Tell me about your coping mechanisms, friends. Because mine are driving me up the wall lately.
When you have a moment of success, what do you do? Call up someone you love [mom, dad, partner, goldfish?] and share, or have a quiet celebration with yourself and light up the world from the inside of your soul? When somebody does you wrong, do you confront them or cry about it in the corner of your bedroom? Do you call your best friend at three in the morning because you are having an anxiety attack about the general direction your life is taking, or go run for about ten miles and meet them the next day? Do you swallow bile or get a punching bag? All of the above? None of the above?
For someone who has a short fuse regarding so many things, I internalize. I take it all in. I process on the inside, and only share when I am good and ready, or when I find myself so mentally contorted that I cannot separate my head from my ass.
And like with many other things, I take it too far. I have no measure. I turn hibernation into agoraphobia, independence into isolation. I have kept some sad things from my parents because I did not want them to hurt because of me. I will make myself physically sick before I allow myself to admit that I am up against the wall and could use a little help, goddamnit. There is no pressure from the outside, it was not the way I was raised. It is just who I am.
I am fascinated by people who resolve their issues externally. I wish I could do that.
I had a coworker who sat across the room from me. She had no filter. Every task she had to tackle, her first instinct was to ask me what or where something was, and what to do. Pretty soon she was calling me “Ms. Google It,” because after having to explain the simplest things to her [sometimes right in front of her], I had to tell her to actually look things up before tugging on other people’s sleeves. I, on the other hand, almost brought a conference to a halt because I was running in circles trying to figure out a conceptual issue. By the time I knocked on my other coworker’s door and asked for advice, it was almost too late.
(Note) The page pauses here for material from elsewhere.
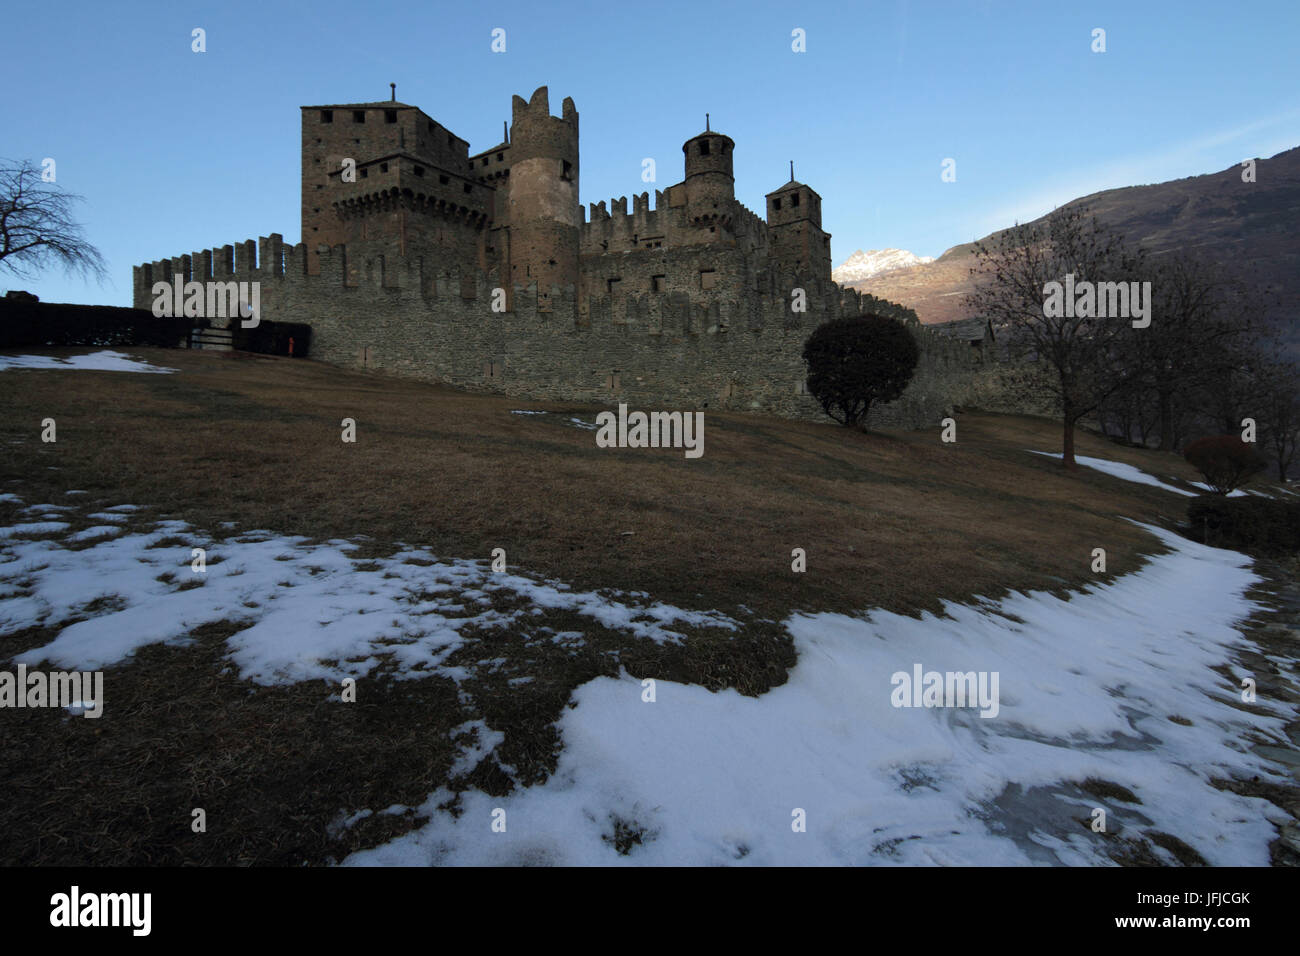 Il Castello di Fenis, perfettamente conservato con la sua parete e torri, si trova in Valle d'Aosta, Italia Foto Stock

I get that. That was foolish, and I learned my lesson.
But I don’t get the bank clerk yelling at you because they are having a bad day and you just asked them a question they don’t know the answer to. I don’t get people who take a mile when you give them an inch. I don’t get acquaintances that don’t respect personal boundaries, or your time and space. I don’t get displaced aggression, or that childlike attitude of bringing you their broken toy and telling you to fix it. I don’t get people who do things just to get a reaction from others, or just to see where their limits are. Testing, manipulating, venting, dumping responsibility into other people’s laps. Expecting them to carry your burden, be your whipping post, fix your life for you. I do not get that to such a degree that I feel like I might be from another planet sometimes.
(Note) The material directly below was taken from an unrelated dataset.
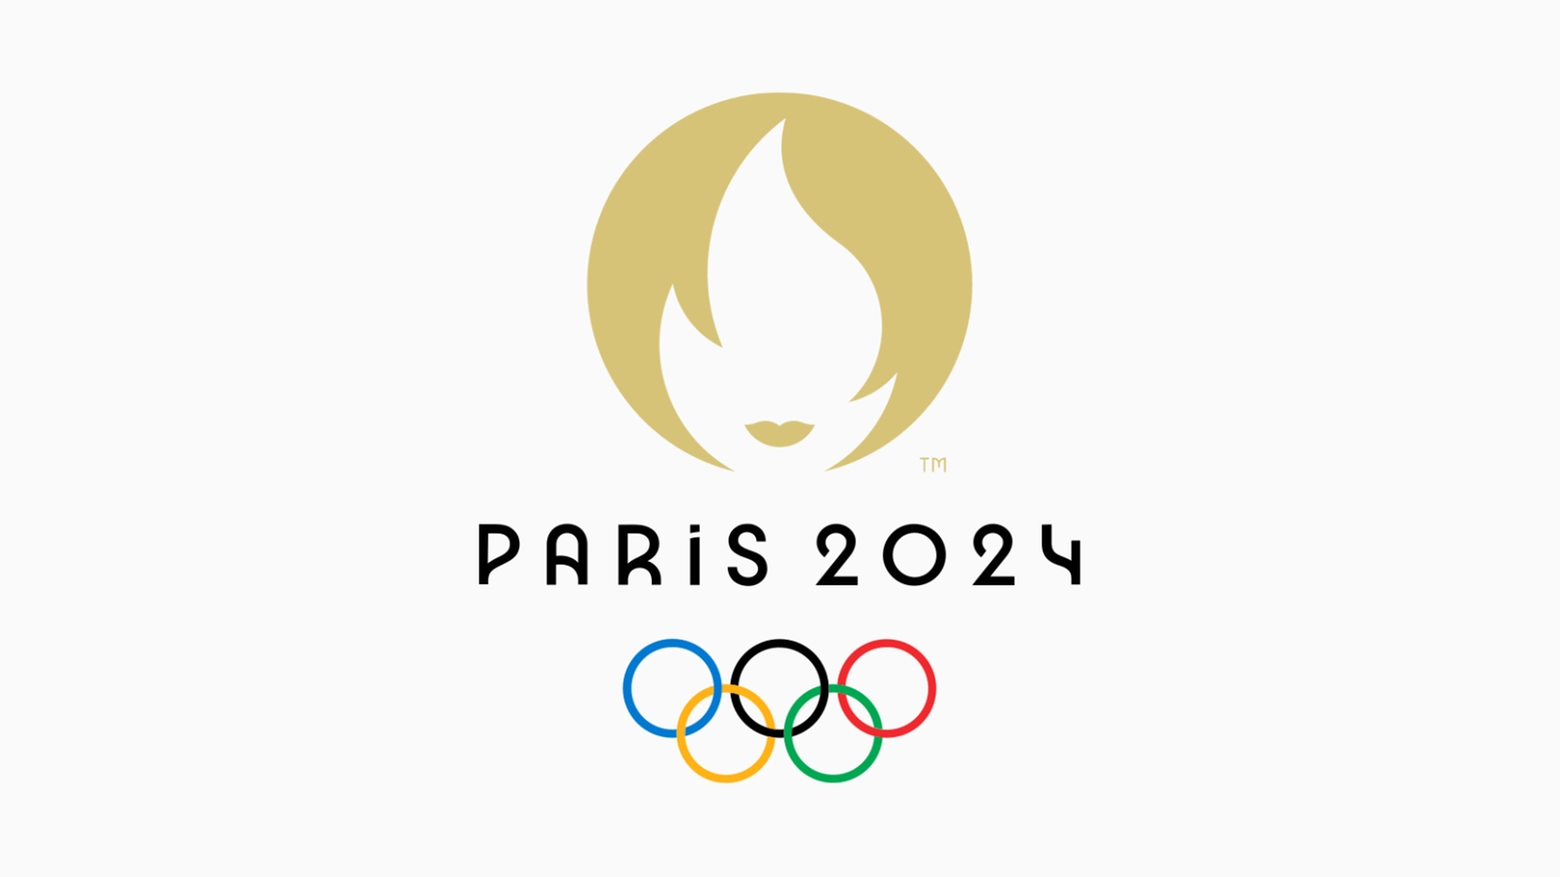 Il logo delle Olimpiadi di Parigi 2024

The very thought of someone doing something because I made them, of having an effect on someone’s behavior, no matter how well-meaning, goodhearted or justified, scares me. Don’t get me wrong. I am a functional human being. I say Hello to neighbors and earn money, I love and play as much as the next person. But the principle behind that thought of being the agent of something freaks me out. You know fight or flight? It does not exist with me. I freeze. I endure. I do not run away, but I refuse to fight either. Because I have found that the rules of direct engagement usually disagree with my sensibilities. More often than not, the other party will try and get you to communicate with them in their code. Yellers need to be yelled back at; bullies need to be bullied to actually understand what they are doing to people; control freaks need to be subdued; drowning people will take you down with them. Me? Like that poor bastard Bartleby, I would prefer not to. All of it taints me, compromises me, contaminates me.
I understand that we are all blood and goo underneath the skin, and that the ‘externals’ are doing pretty much the same thing that I am, which is trying to make it through the day and not feel as shitty about yourself as when you woke up. They are two sides of the same coin. And the right way to go about things is probably somewhere down the middle, helping as many as possible and victimizing none. I understand that getting your hands dirty is necessary sometimes, and that lofty mastheads make for long falls. I just have a hard time not preferring not to.